LAWRENCE — This year’s celebration of the solemnity of Christ the King held a special significance for members of Corpus Christi Parish Church here. Not only did it represent the official closing of the Year of Mercy, but it also marked the end of a yearlong program in which parishioners found and committed to simple, practical ways to spread Christ’s mercy.

“During the year, our choir went on a pilgrimage to Rome and parishioners traveled to St. Benedict’s Abbey in Atchison,” said pastor Father Mick Mulvany. “Our young people also went to visit the Shrine of St. Rose Philippine Duchesne.”

But in addition to the pilgrimages, he said, there was also a need to come up with practical ways that everyone could live the works of mercy.

“There was a collaboration of the parish staff and Father Mick as we reflected on the Year of Mercy and tried to decide what we wanted to get out of it,” said Chase Becker, Corpus Christi pastoral assistant. “We wanted something concrete in terms of taking the lofty idea of mercy and making it tangible.”

A parish-wide Mercy Card project was the result of their brainstorming. The cards were sent out to parish organizations and staff members who, in turn, came up with 10 ways each of the works — both corporal and spiritual — could be carried out.

“It can be pretty vague as to what it means to ‘teach the ignorant’ — one of the spiritual works of mercy,” said Becker. “However, inviting someone to a faith formation class is much more concrete and doable.”

Once the idea of the Mercy Cards was decided upon, a small folder listing the corporal and spiritual works of mercy and several Mercy Cards was passed out to all parishioners. Those cards featured sayings like: “Offer someone a ride if they’ve lost their driving privileges”; “Have a technology-free family day’’; “Light a candle at church for someone in need”; “Pray by name for someone disliked, even for those who have wronged you”; and “Give cards and stamps to a homebound person” — to name just a few of the 140 possibilities.

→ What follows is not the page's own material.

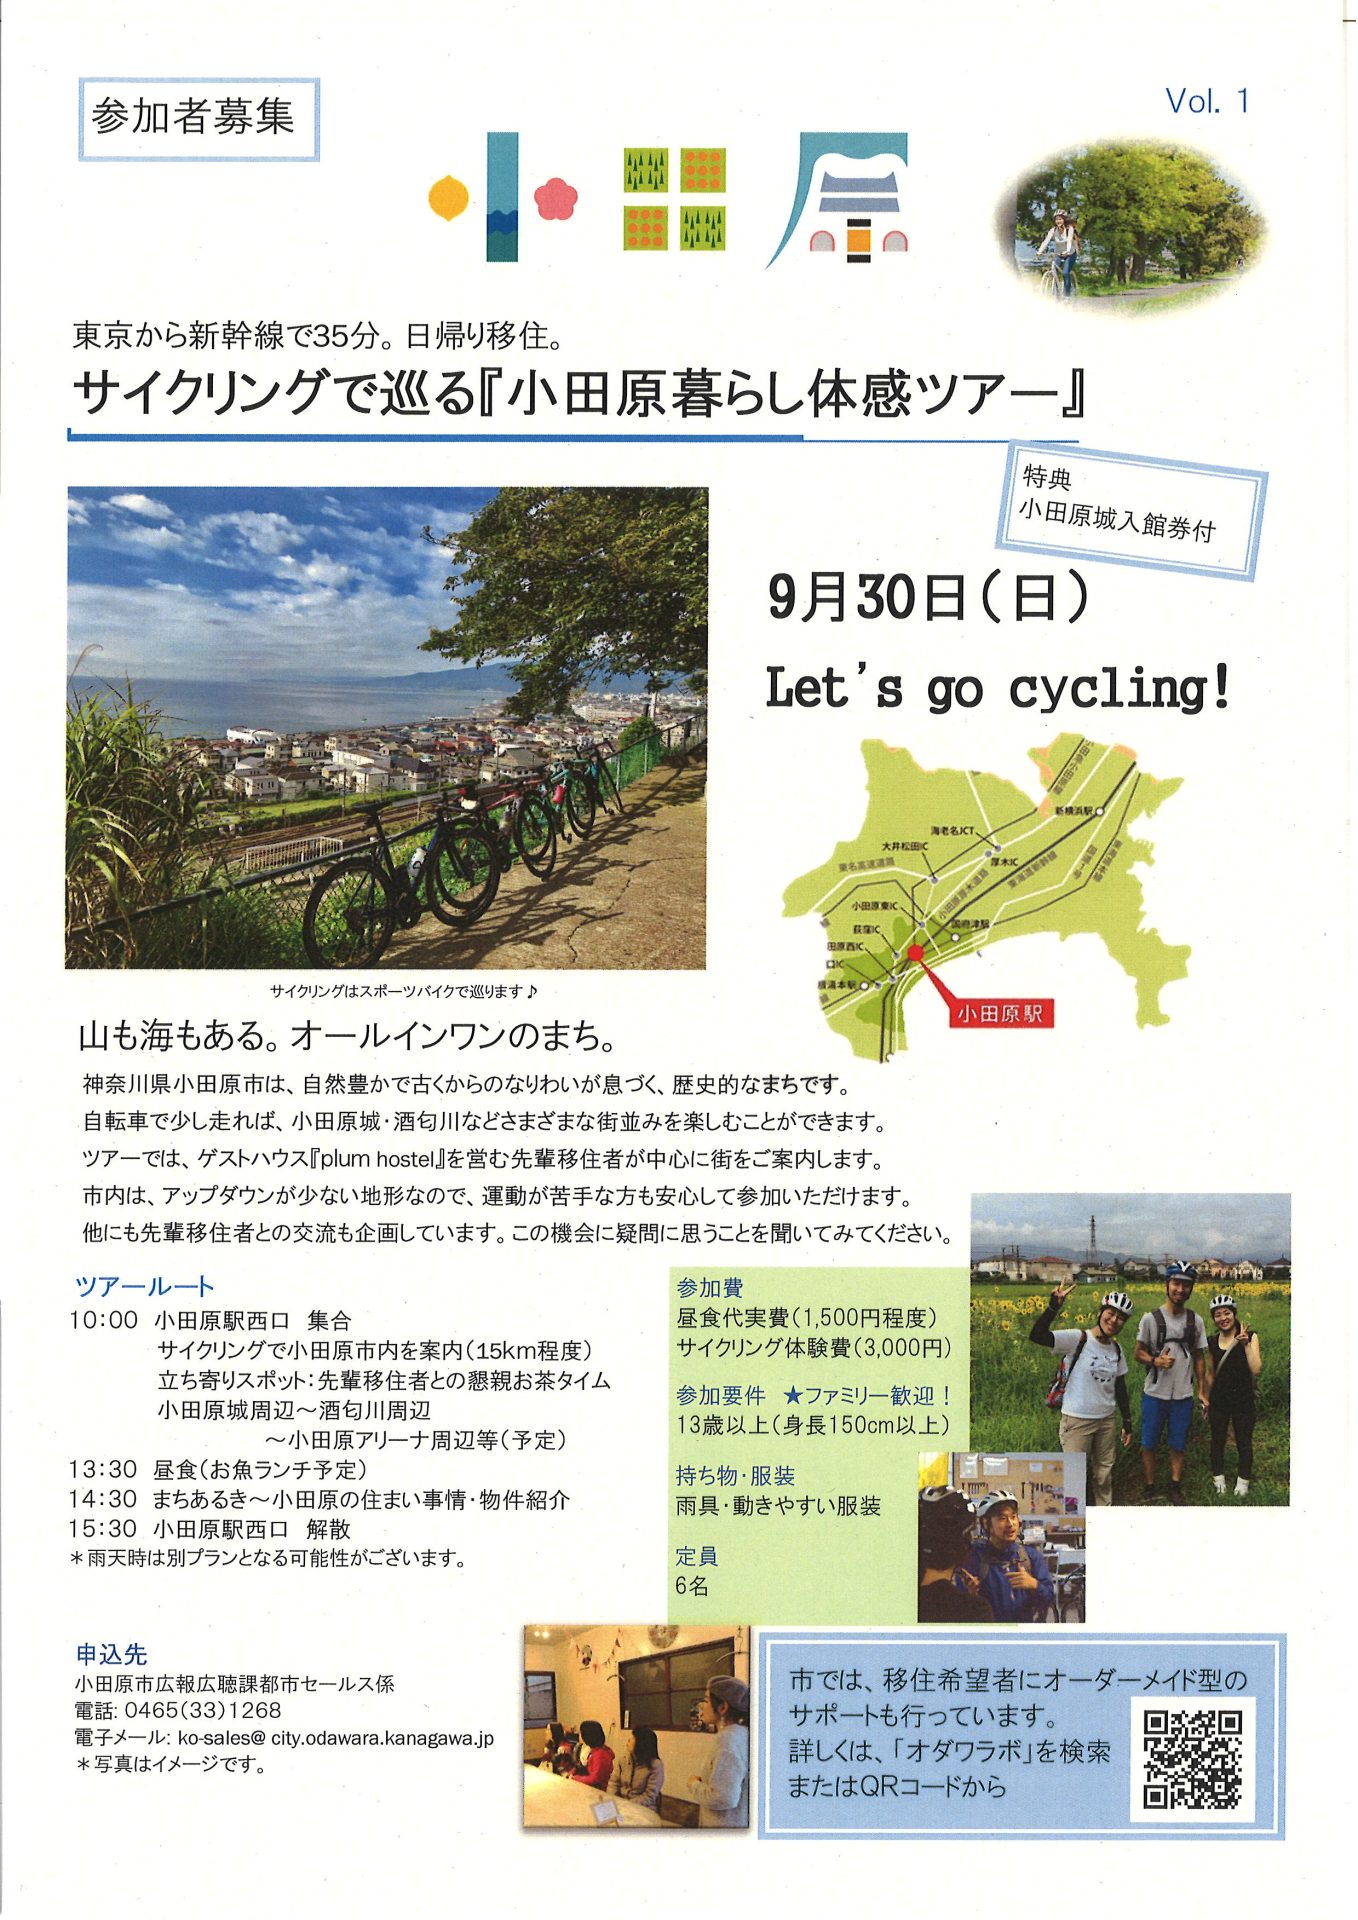 サイクリングで巡る『小田原暮らし体感ツアー』 | 移住関連イベント情報

“If you really look through the cards, you’ll note that, although people’s circumstances might be different, these are achievable by everyone,” said Becker. “Once we came up with the idea for the cards and realized they represented something very holy, we needed somewhere to keep them, so a couple of parish artists went to work on the reliquary box.”

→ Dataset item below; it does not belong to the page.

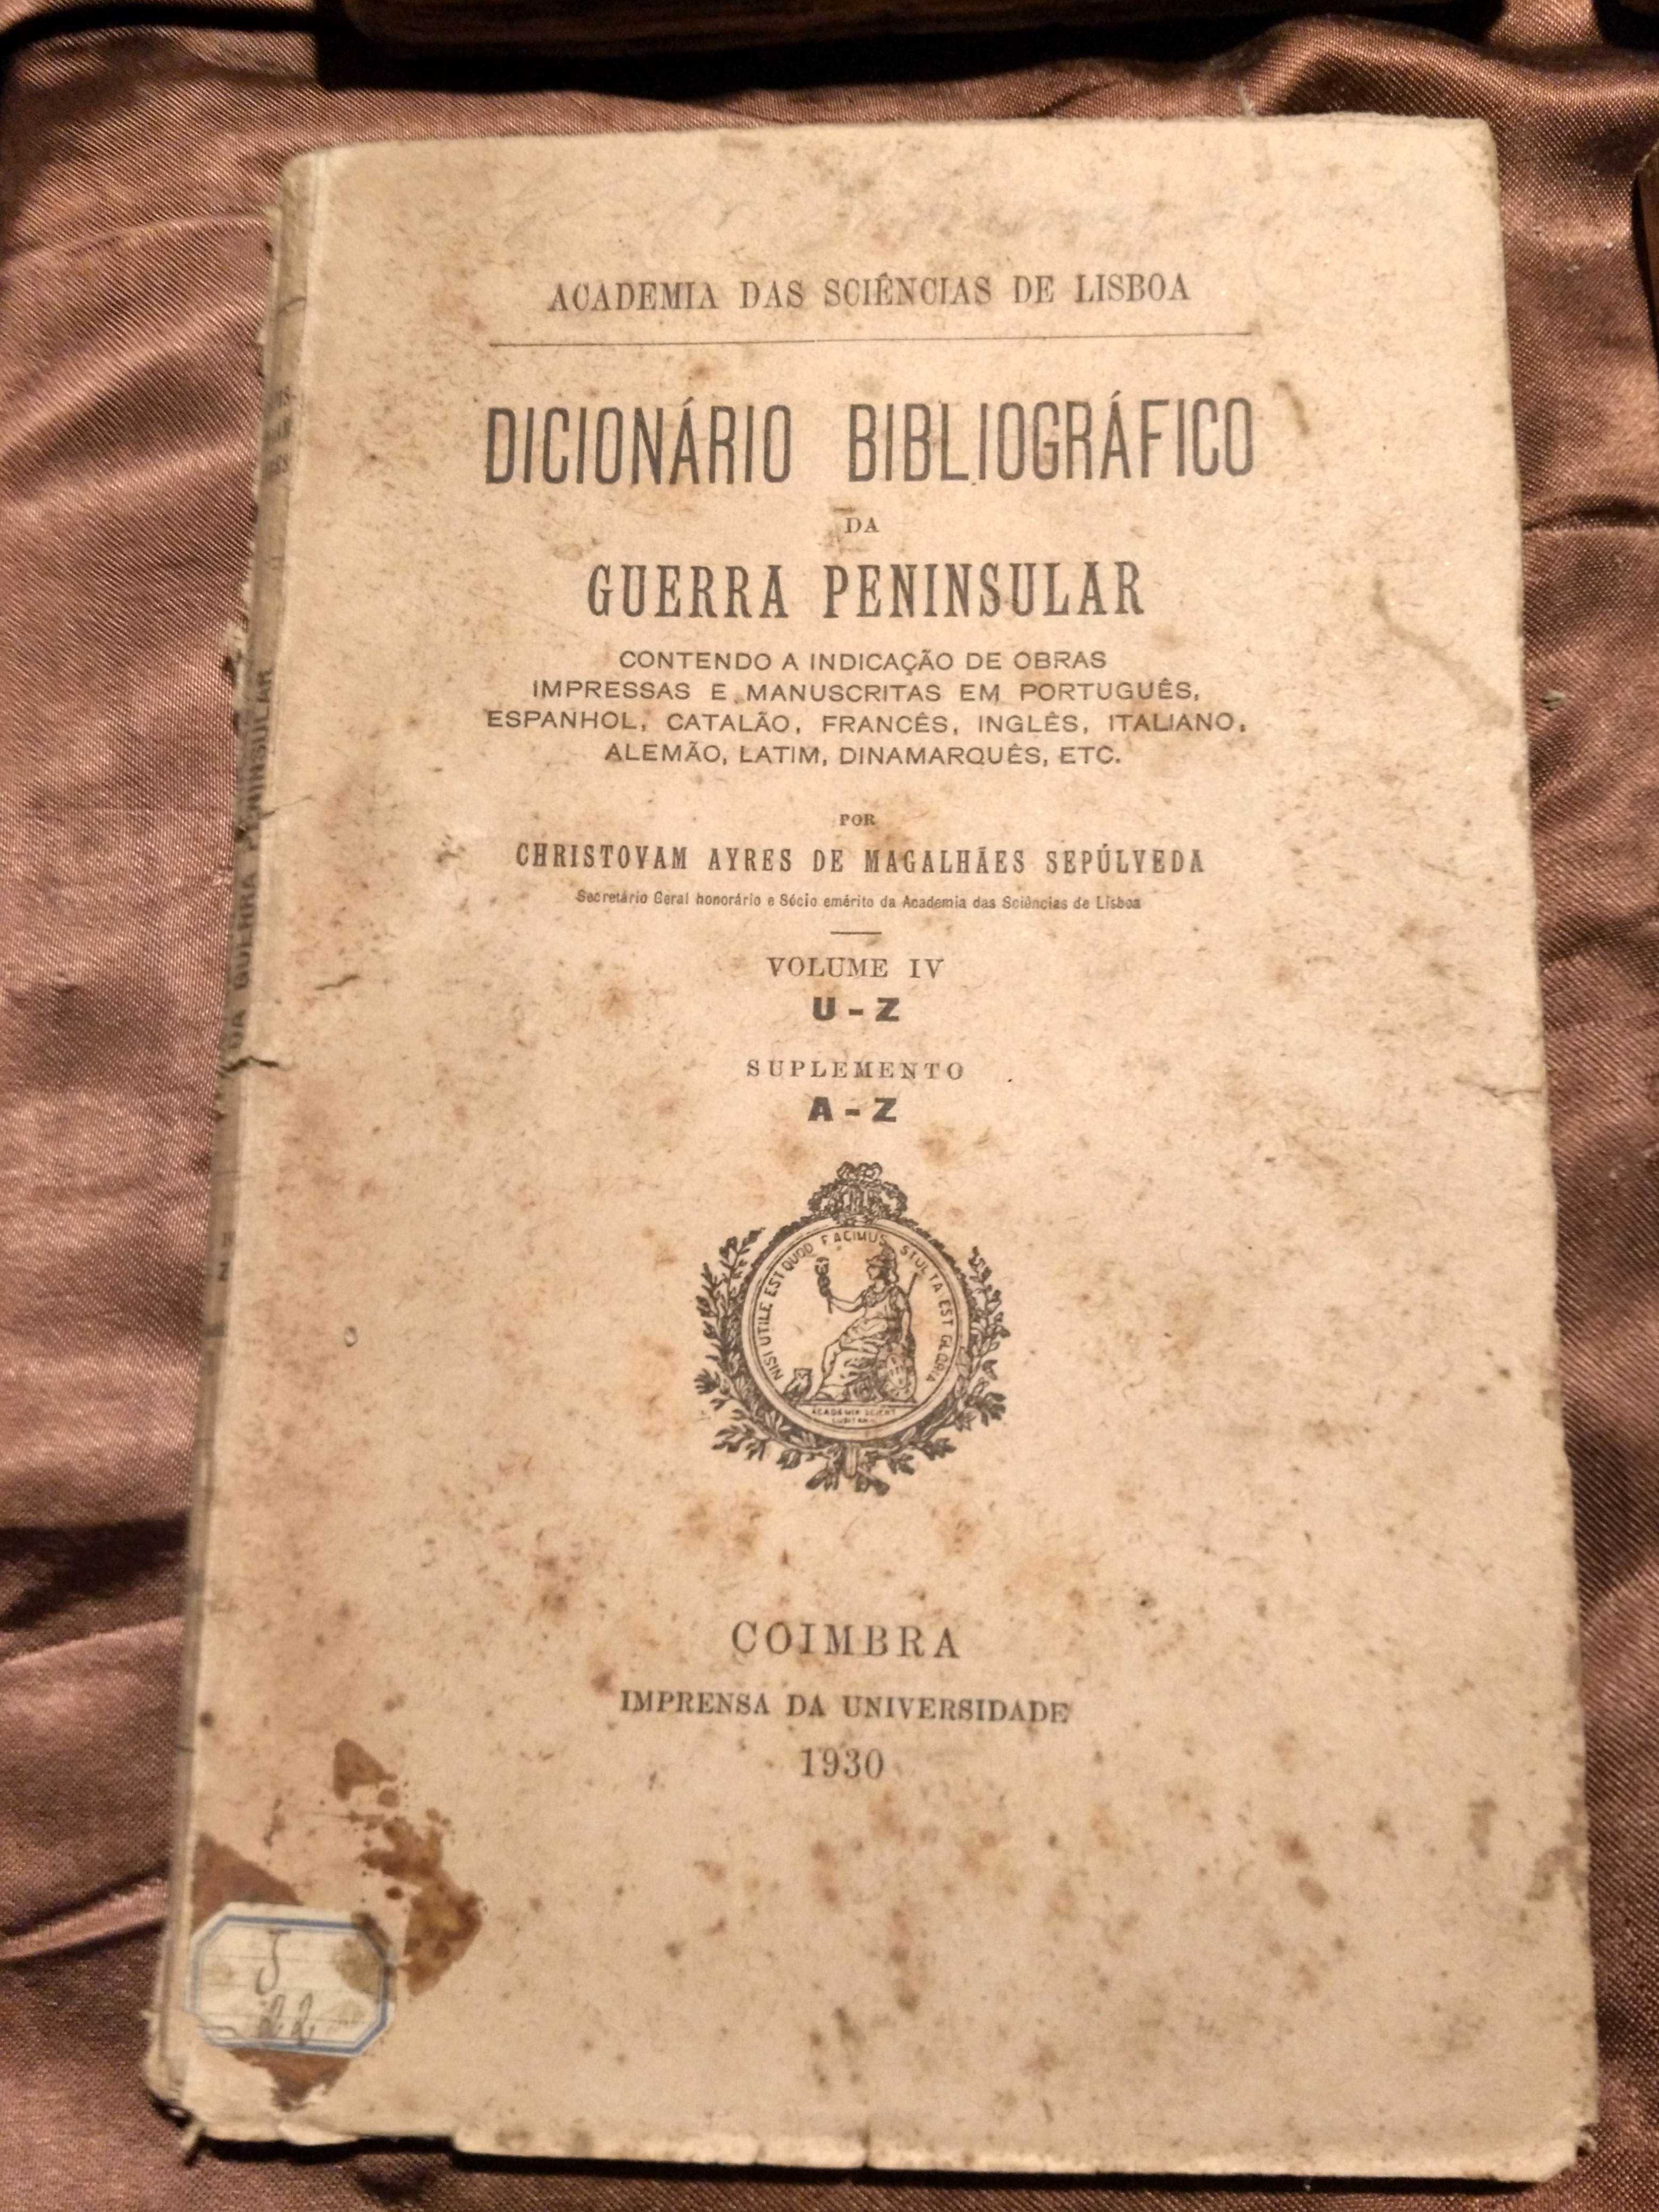 Diccionário Bibliográfico da Guerra Peninsular - Cristobal Sepulveda

Constructed by Terry Wildeman and painted by Tony Silvestri, the idea for the paint colors and designs on the box came from the parish’s young adult group.

“When you look at the box, you notice the trees on it,” said Becker. “So many of the corporal works of mercy are somehow connected to trees or shelter.

“Trees are a symbol of growth and a reminder that, by participating in these acts, we can increase our relationship to Christ.”

While the trees are a reminder of the corporal works of mercy, the seven stars on the lid are a reminder of the spiritual works of mercy. The lid also contains a relic of Mother Teresa — a strand of her hair — which makes mercy more tangible, as she lived a merciful life, said Becker.

“She also brings out the idea of the communion of saints,” he said, adding that the relic was obtained from the Mother Teresa Center in California.

The reliquary box was placed in a flex area of the church, which was renamed the Chapel of Mercy. There, parishioners and others brought their completed Mercy Cards throughout the year.

“Together as a parish we’ve worked hard to fulfill Pope Francis’ call to spread Christ’s message of mercy in simple, practical ways through the use of our Mercy Cards,” said Becker.

“These cards, inscribed with names or intentions, have been placed by individuals into our Mercy Reliquary Chest,” he continued. “Throughout this past year, this reliquary and the cards within it have been the focus of much prayer and devotion.”

At each Mass this past weekend, the chest was brought up to the altar as part of a festive procession from its place of prayer near the baptismal font. Accompanying the chest were members of the Knights of Columbus and representatives of parish ministries who carried candles and placed them around the enthroned chest.

“This action symbolized the many, many works of mercy accomplished by the members of this parish community over the past year,” Becker explained. “During this liturgy, as we celebrated the closing of the Year of Mercy, we offered our thanksgiving as we reflected upon our own growth over this past year and the message of love which Christ the King offers us through his mercy.”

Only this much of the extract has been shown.